**** DATASET
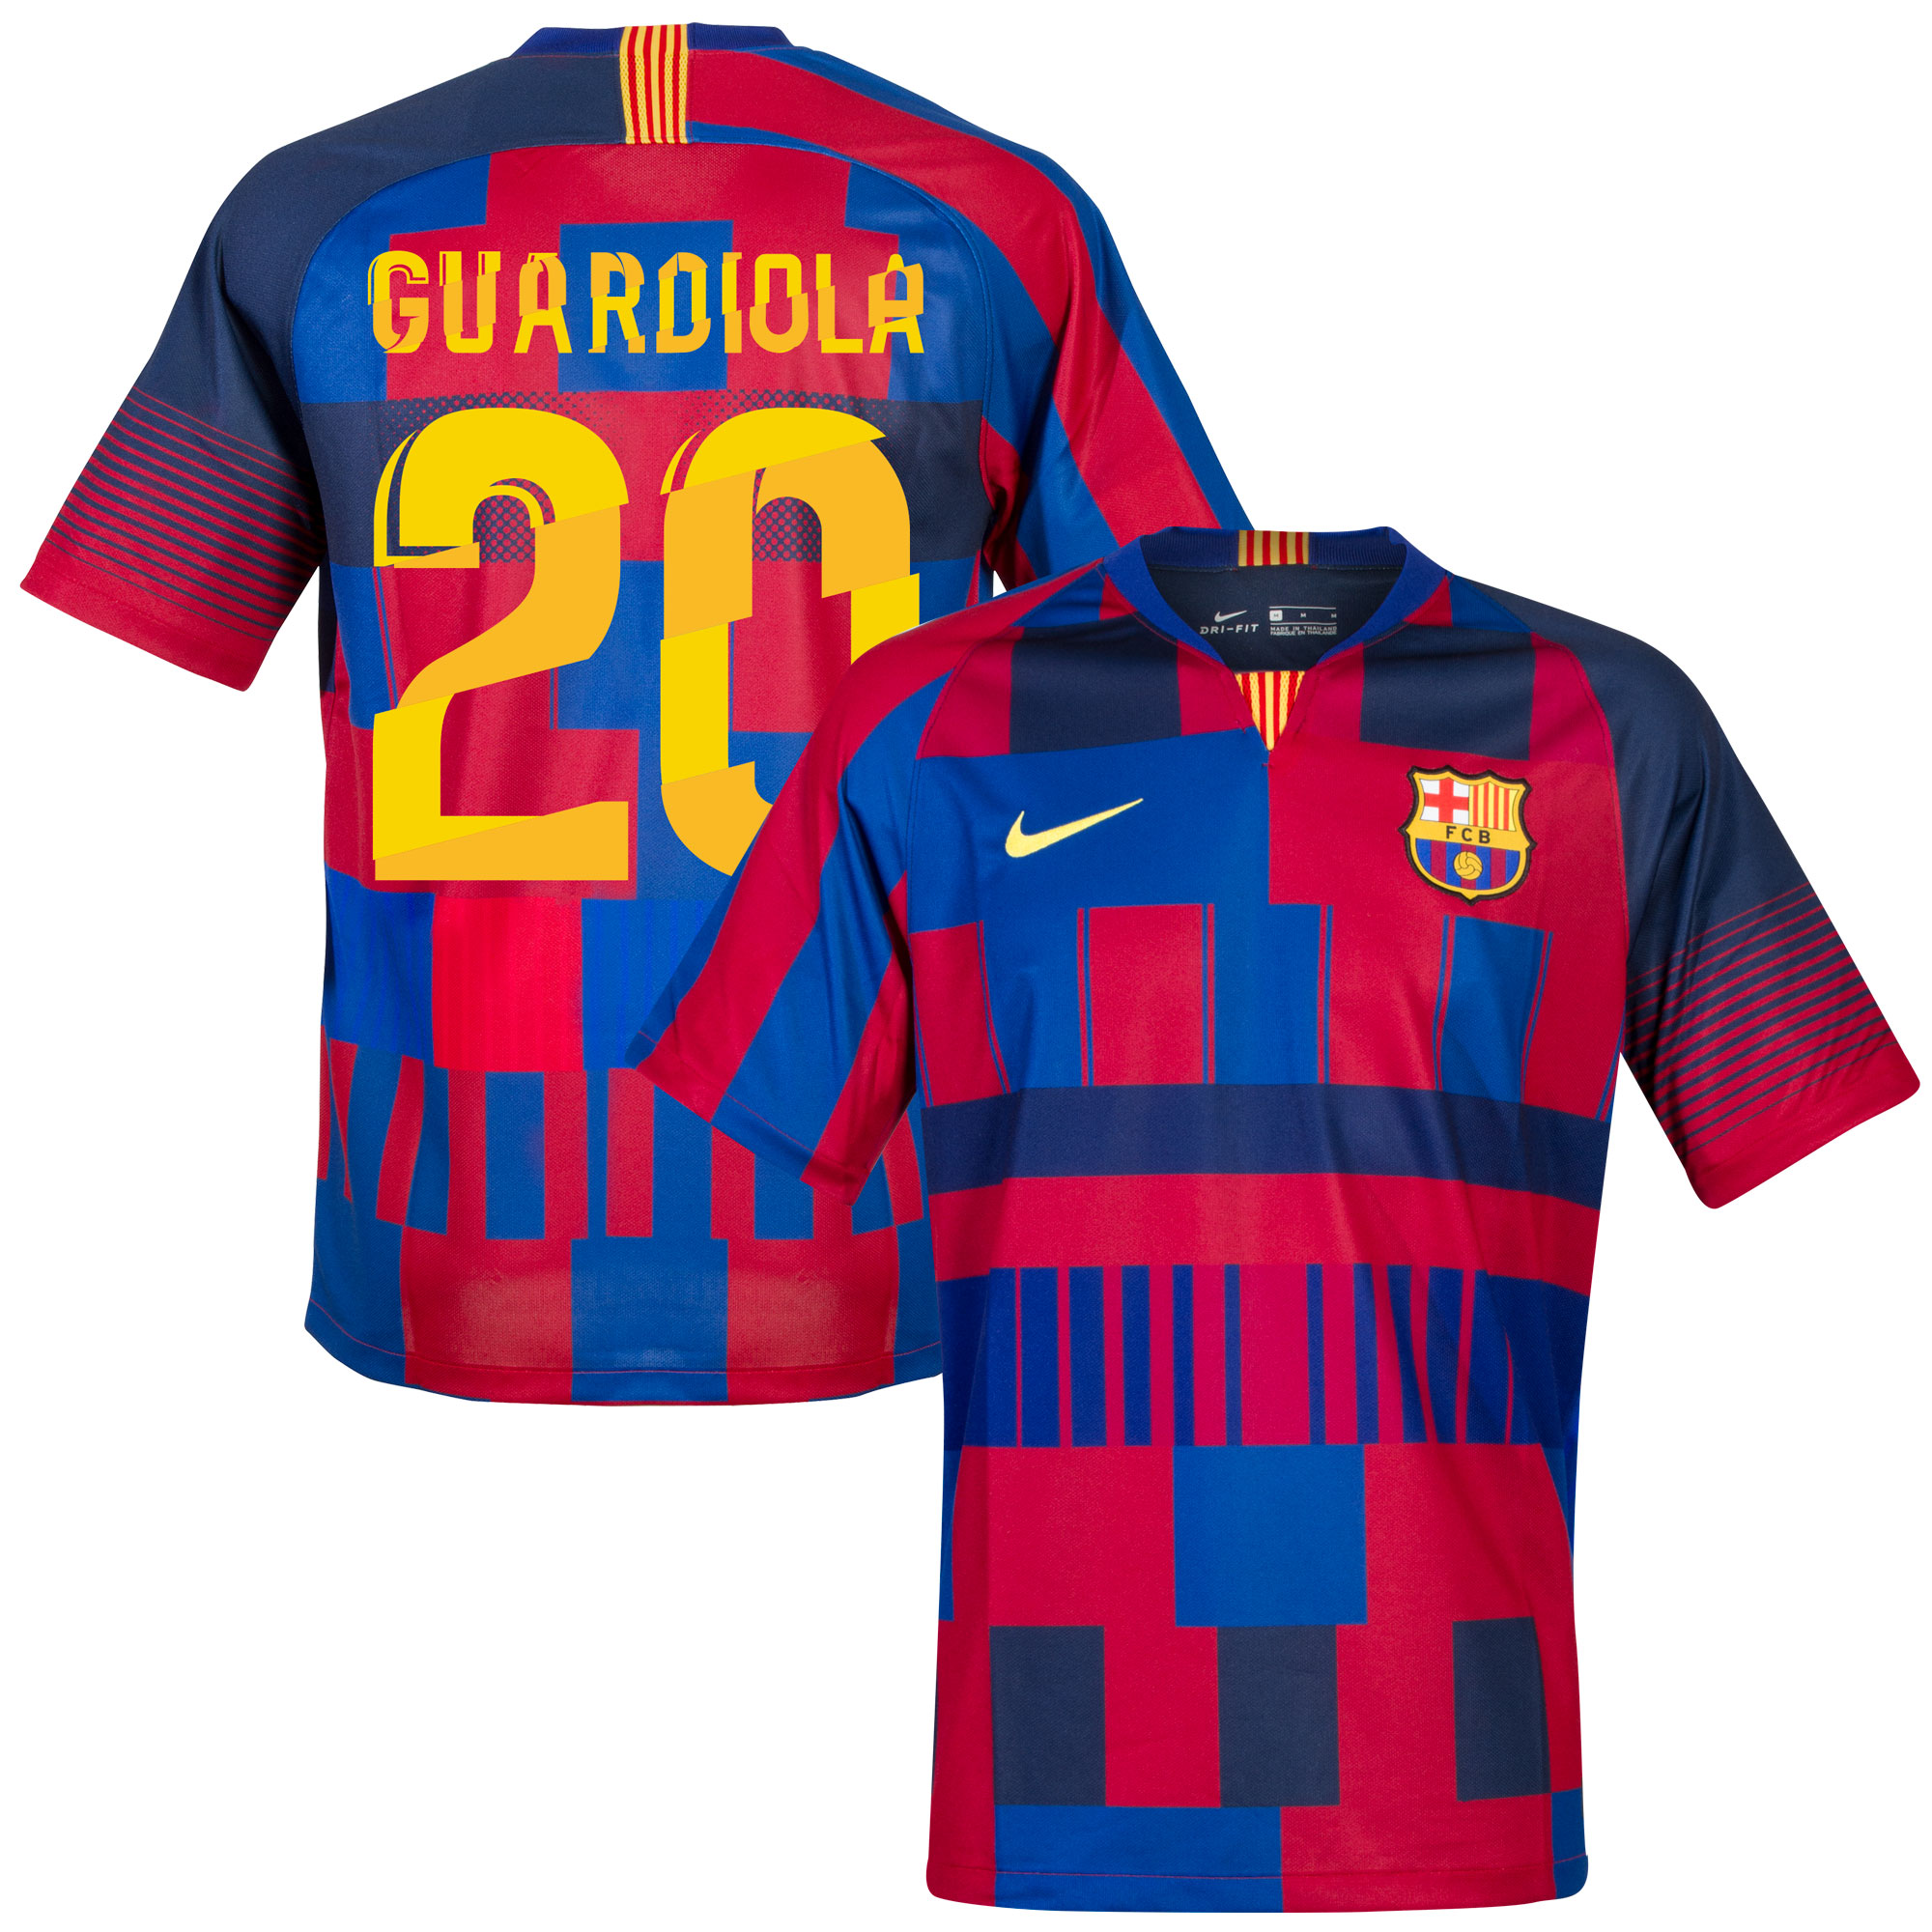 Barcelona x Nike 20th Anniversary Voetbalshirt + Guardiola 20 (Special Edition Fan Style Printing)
********
**** DATASET
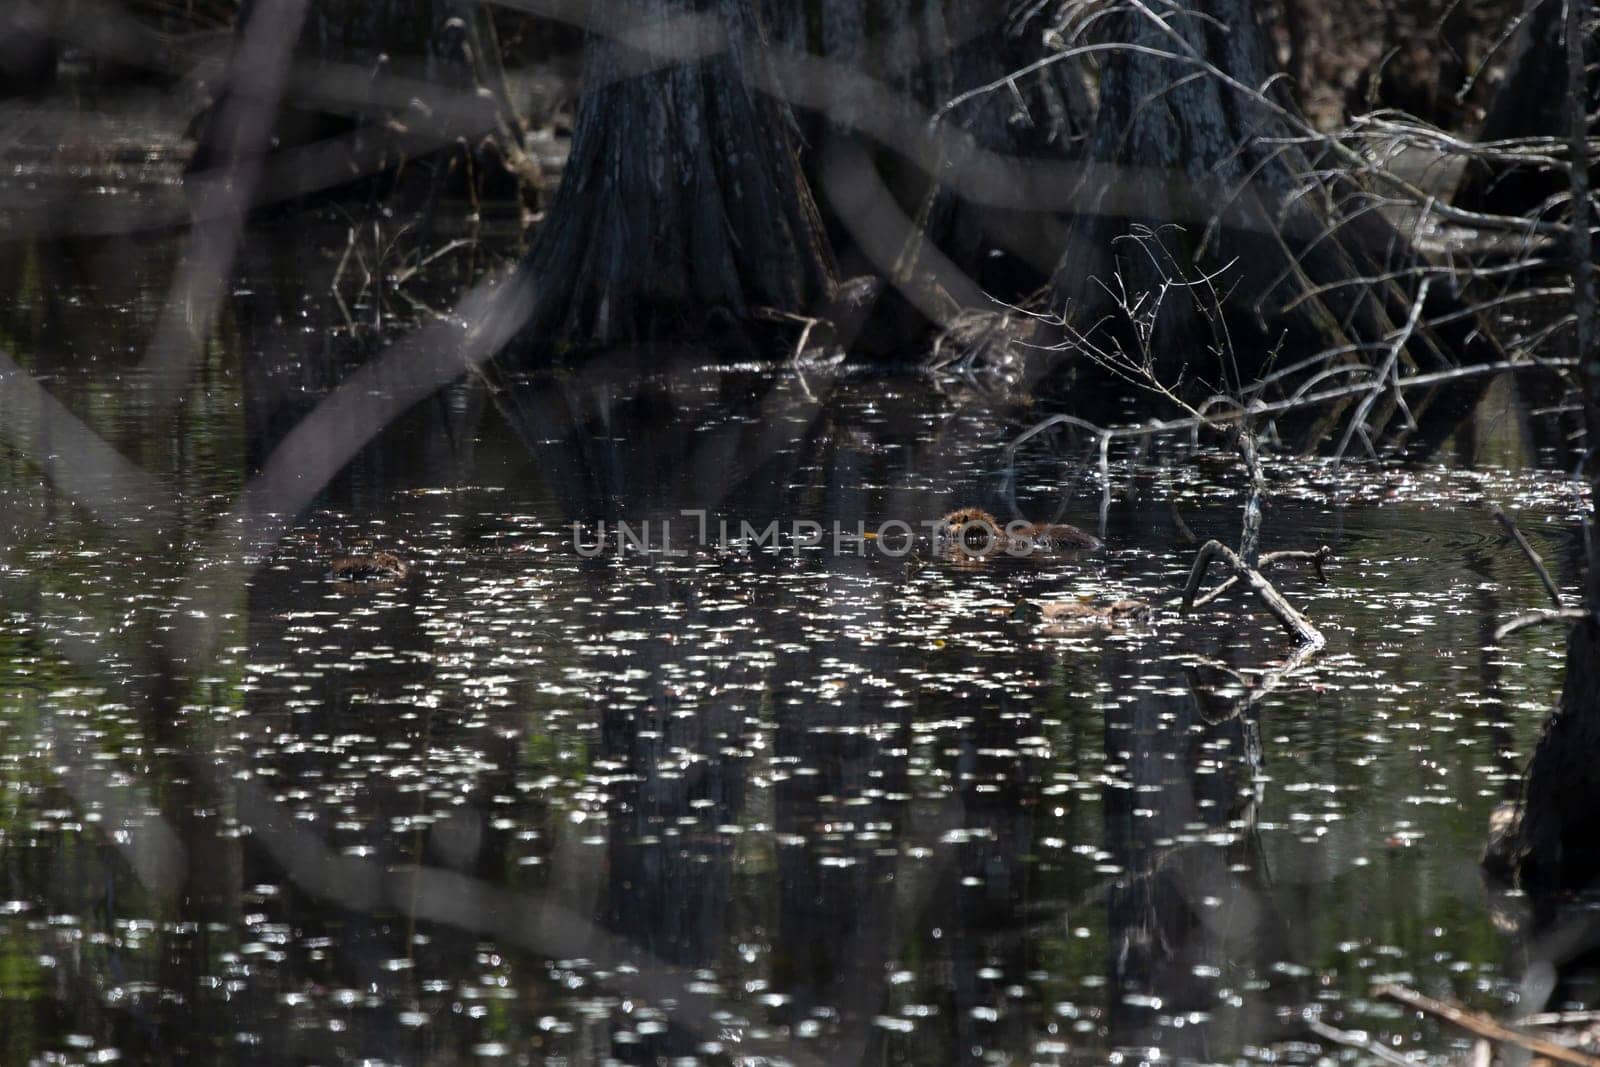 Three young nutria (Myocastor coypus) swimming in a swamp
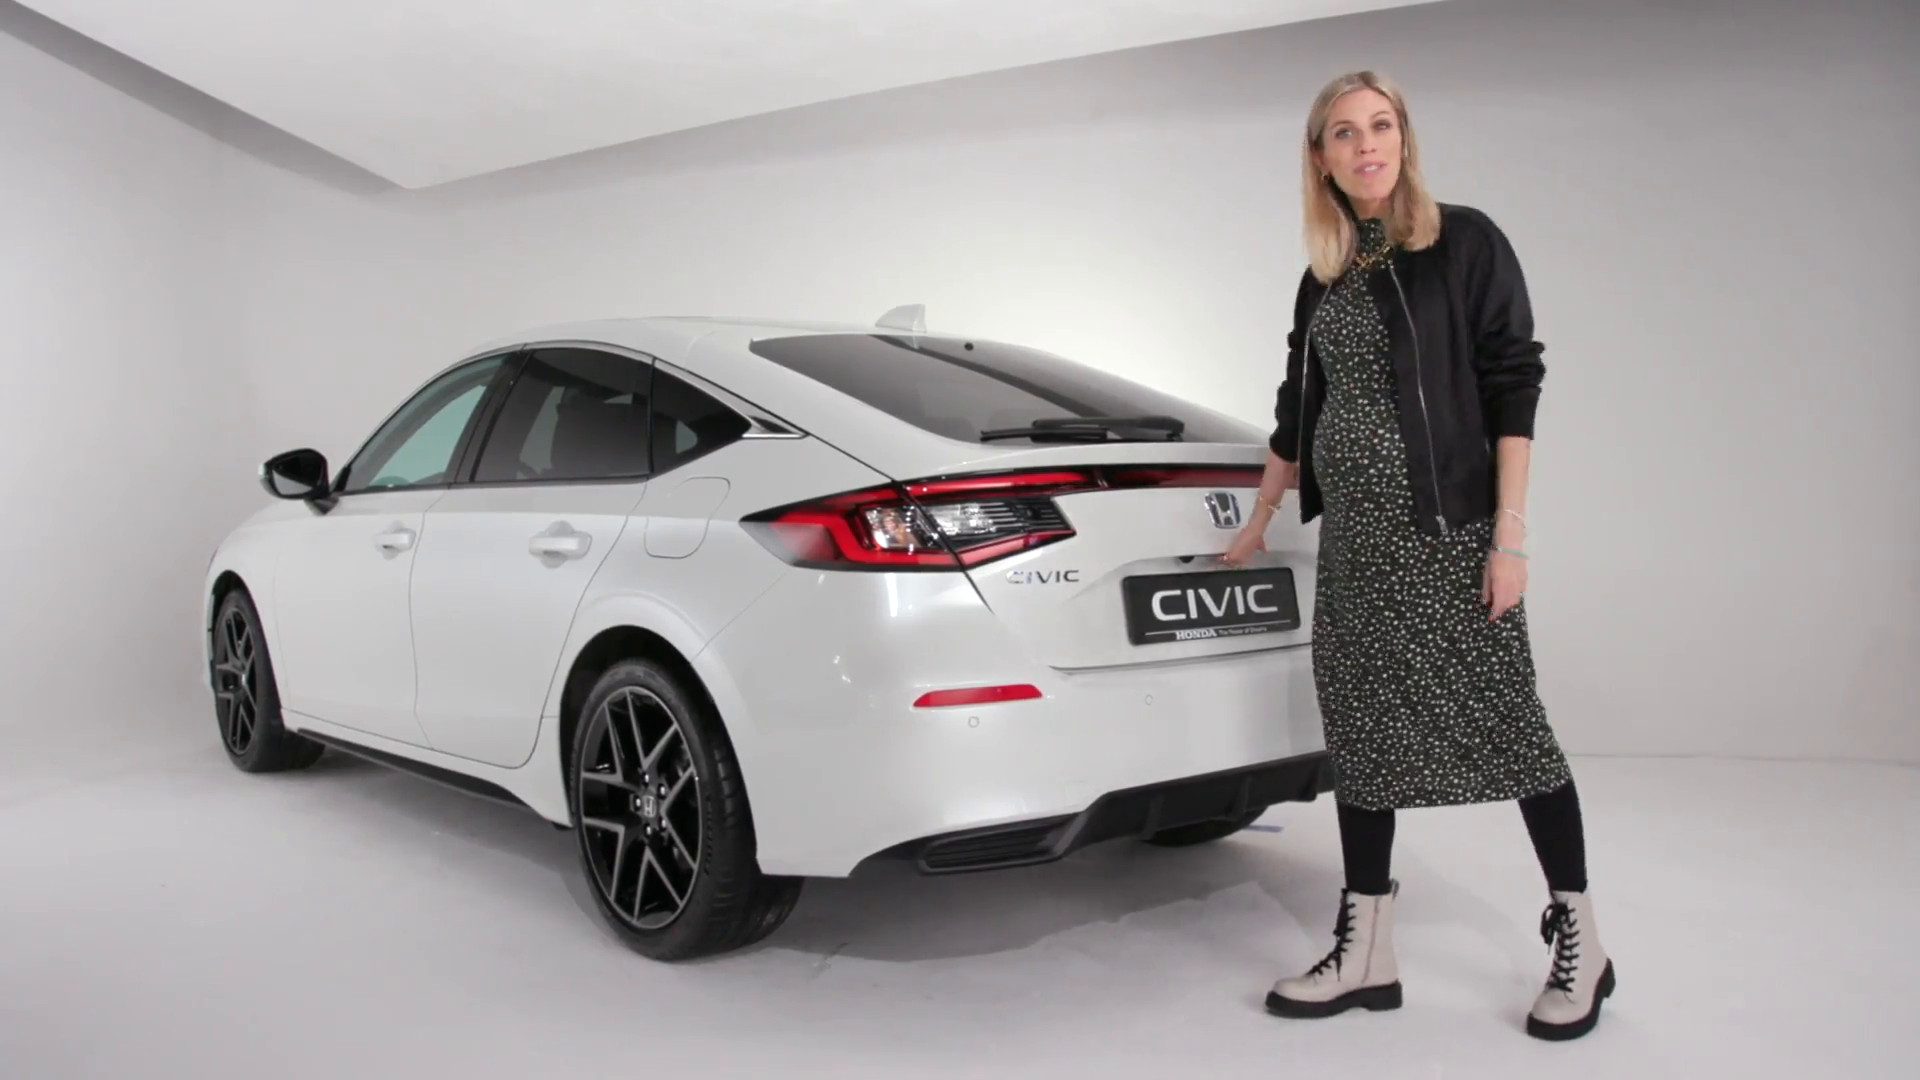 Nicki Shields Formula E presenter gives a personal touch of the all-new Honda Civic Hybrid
********
Here the job is to copy the stretch of records from the line containing "Three young nutria" through the line containing "Nicki Shields Formula", word for word. Leave every picture out.

 Three young nutria (Myocastor coypus) swimming in a swamp
 Nicki Shields Formula E presenter gives a personal touch of the all-new Honda Civic Hybrid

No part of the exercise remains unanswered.